May 15, 2020 / 7:12 PM / 20 days ago

Namibian president cuts ministers' perks in coronavirus fight

WINDHOEK (Reuters) - Namibian president Hage Geingob announced cost-cutting measures on Friday to save up to 200 million Namibian dollars ($10.80 million) as the country battles with the impact of the novel coronavirus.

FILE PHOTO: Namibia's President Hage Geingob addresses the 74th session of the United Nations General Assembly at U.N. headquarters in New York City, New York, U.S., September 25, 2019. REUTERS/Eduardo Munoz

So far, the virus has infected 16 people with 14 recoveries and zero deaths. It has also hit the Namibian economy hard after a five-week lockdown paralysed the country’s productive sectors.

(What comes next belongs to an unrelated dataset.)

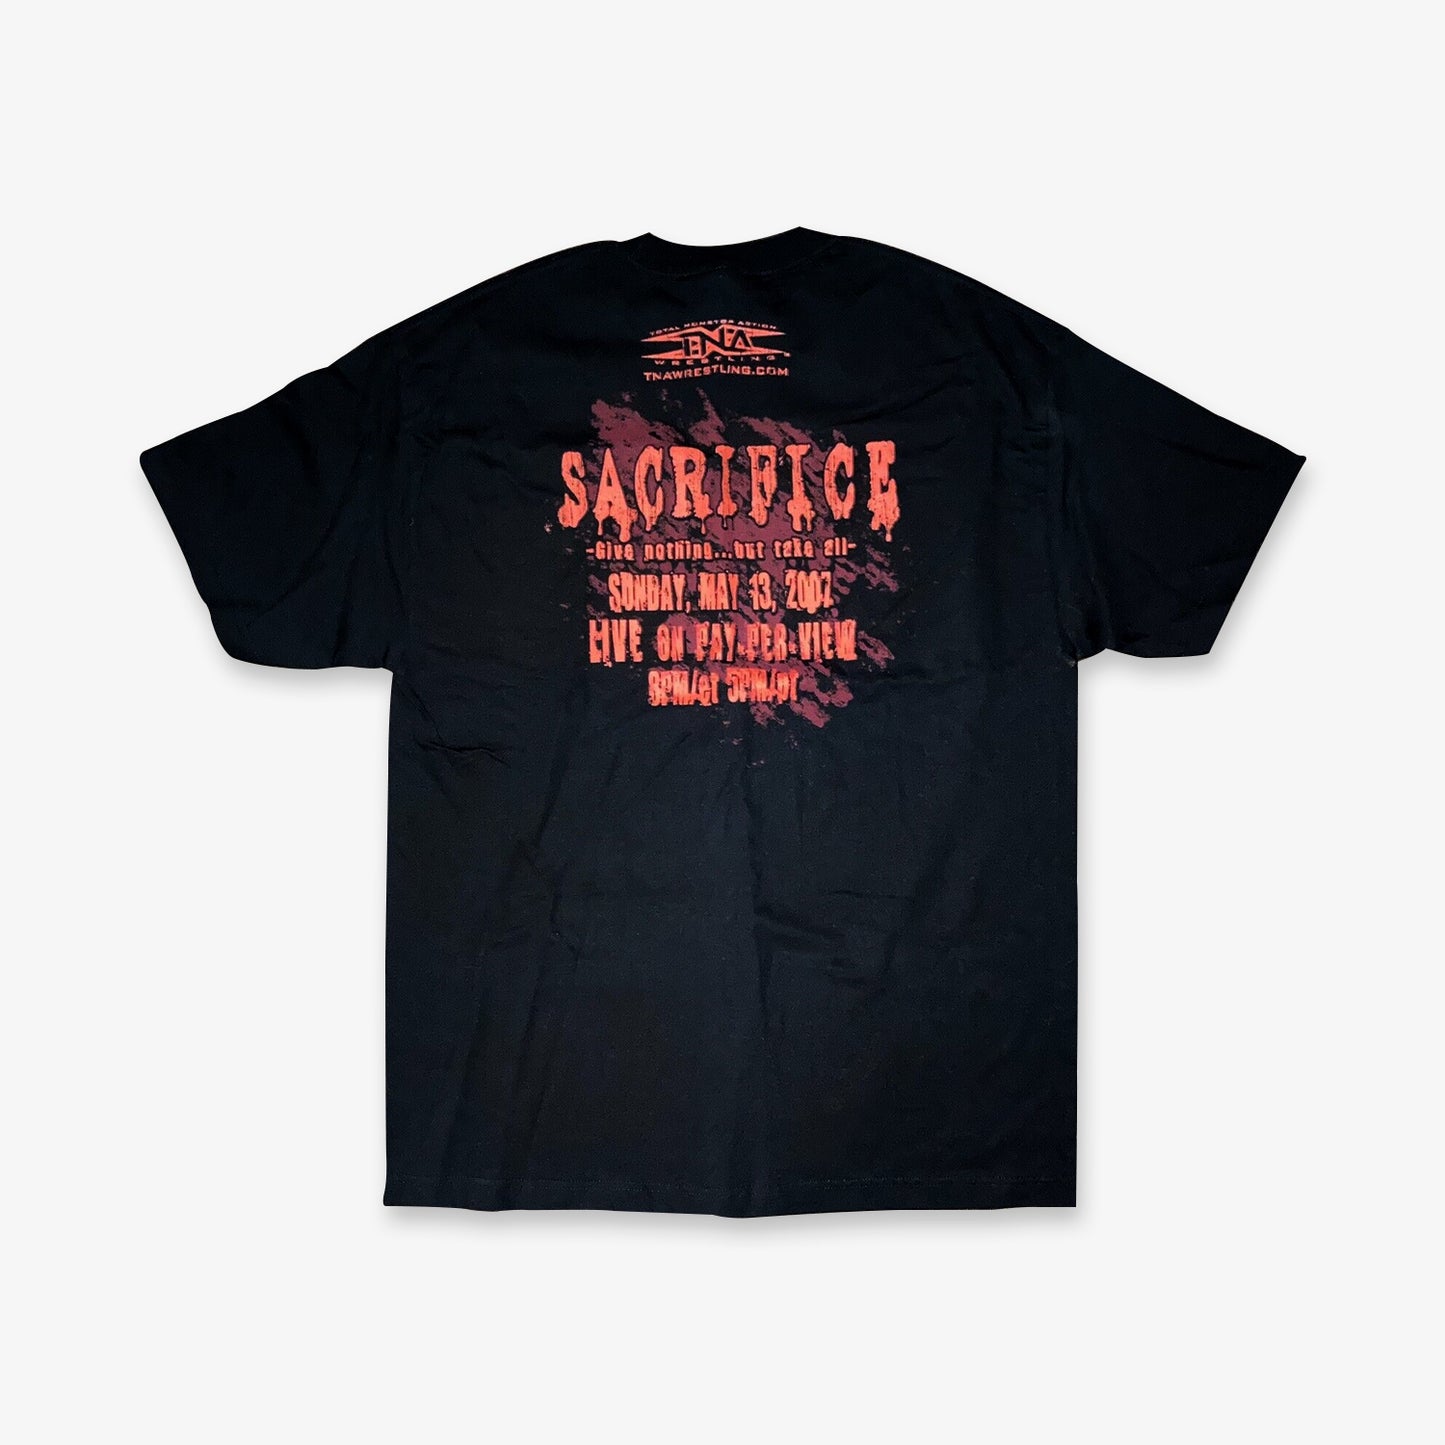 Sacrifice 2007 Event Shirt

The president’s measures include halting the purchase of all new vehicles for ministers until 2025, scrapping the posts of special advisors to the country’s 14 regional governors and trimming the size of the cabinet to 19 from 26, Presidential spokesperson Alfredo Hengari said on Friday.

The president also put a cap on monthly fuel consumption for top politicians, Hengari said.

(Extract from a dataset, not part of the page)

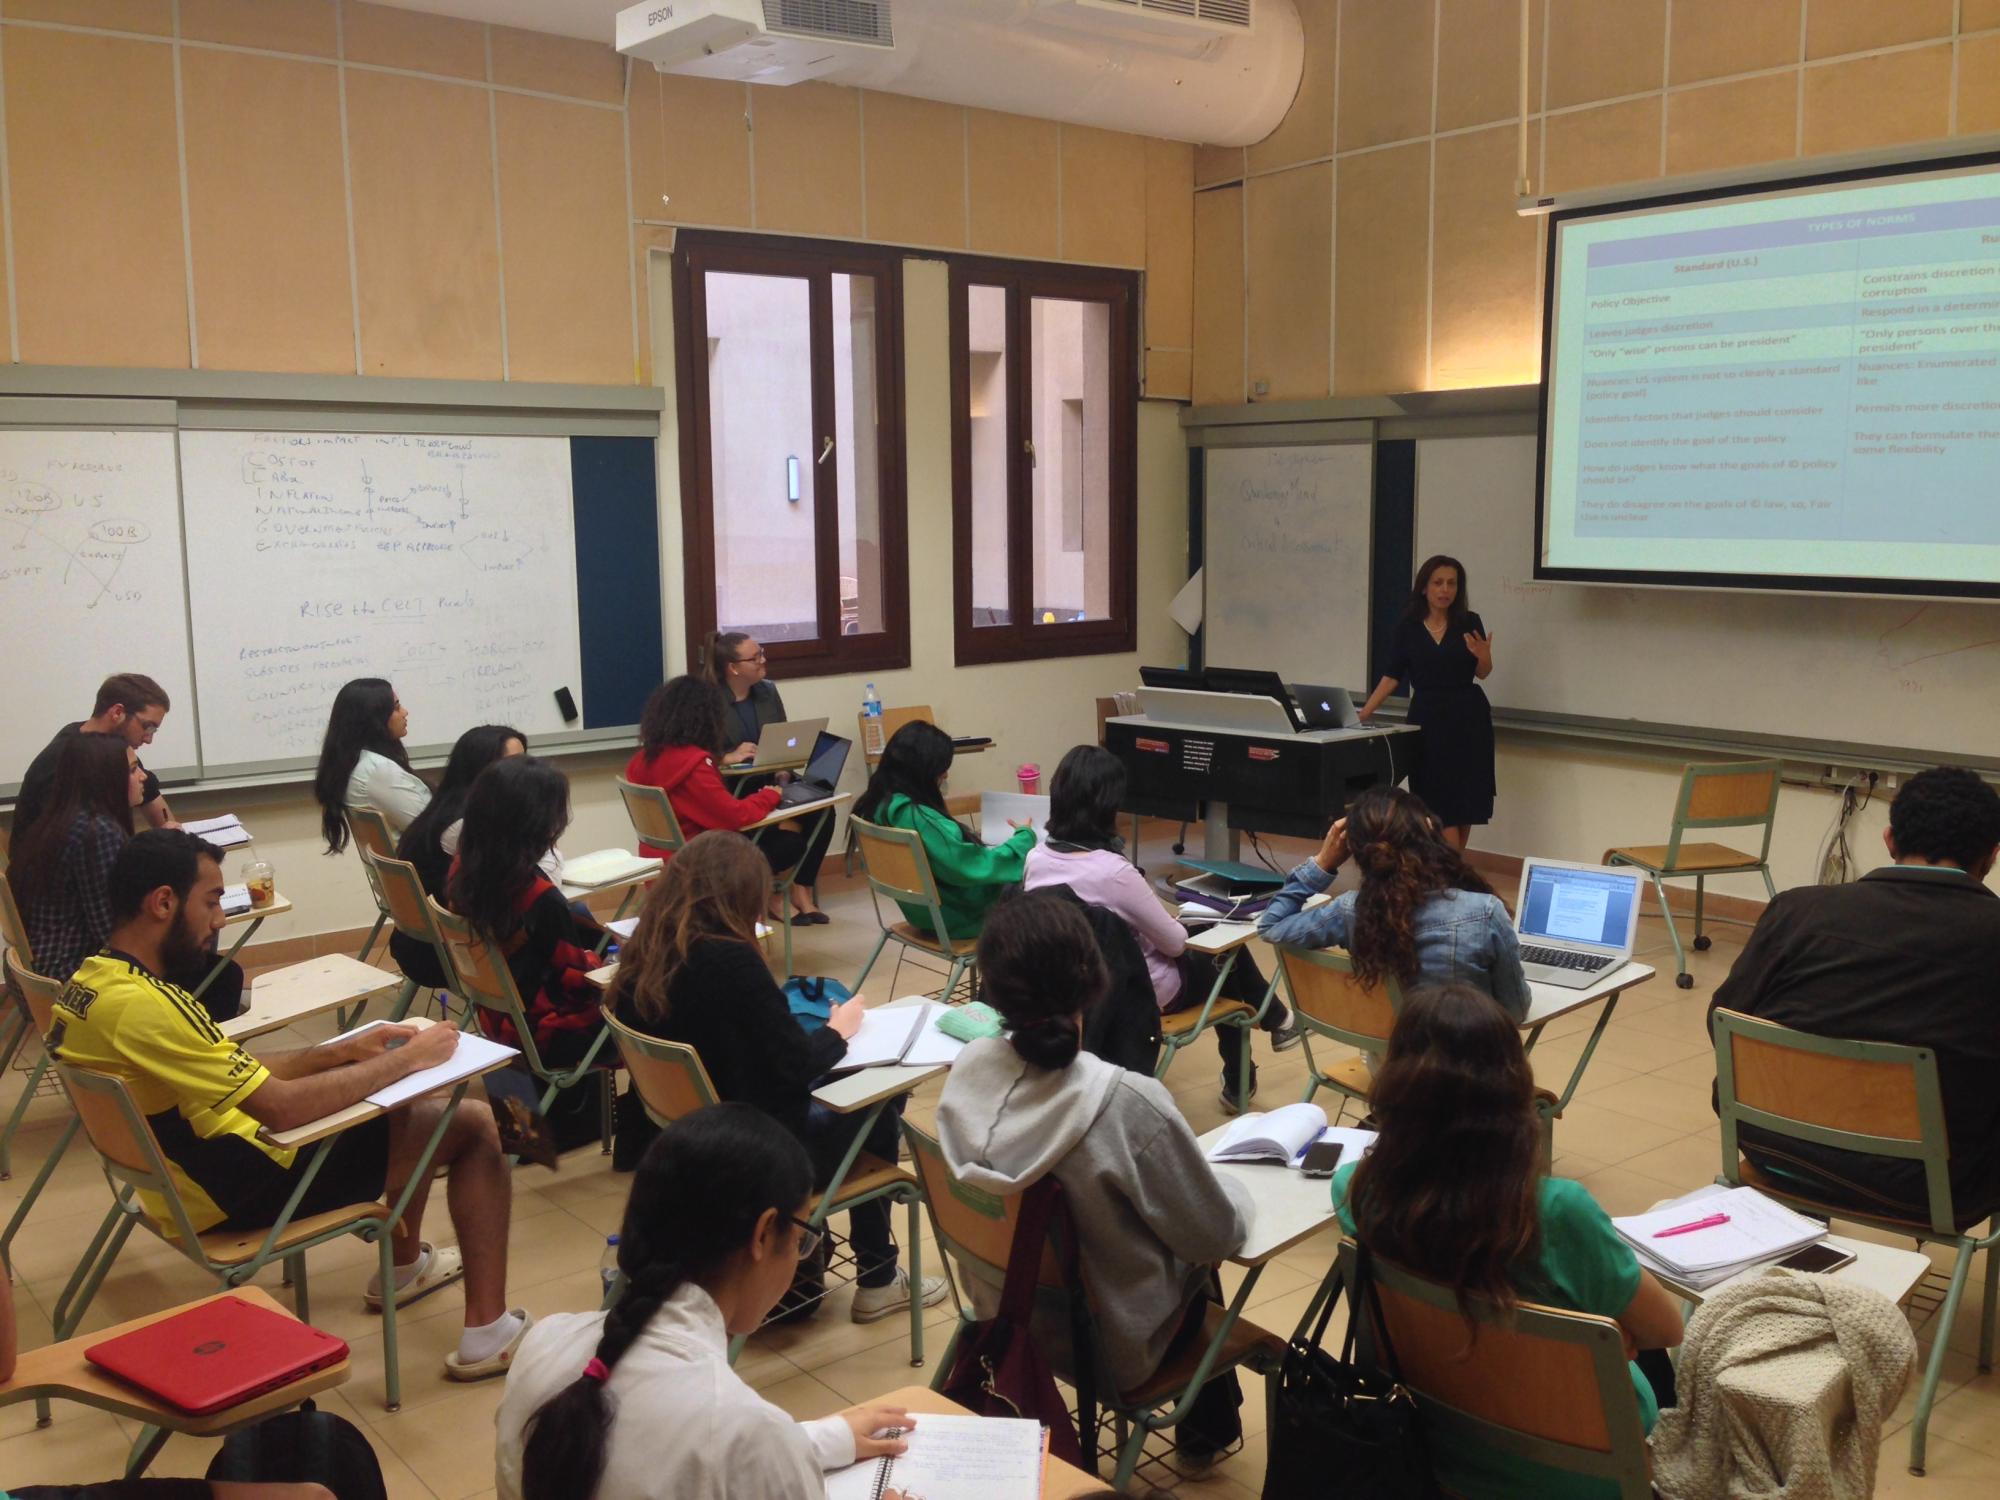 Nagla Rizk teaches CopyrightX to economics students.

Namibian ministers and their deputies each qualify for a top of the range luxury car, such as Mercedes-Benz or BMW, and an off-road vehicle.

The measures are meant to help save 200 million Namibian dollars over the next five years.

Geingob has been on a charm offensive since the beginning of his second term of office on March 21 after a poor showing during the country’s highly-contested November 2019 presidential and parliamentary elections.

He has taken measures that are radical compared with his actions during his previous four-year tenure and he has sought to retain support during the coronavirus outbreak.

He appointed one of Africa’s youngest cabinet members yet, Emma Theofelus, 23, as Namibia’s information, communication and technology deputy minister, a week after the coronavirus hit the country.

The president also broke ranks with party tradition and appointed the leader of an opposition party as the new deputy minister of health.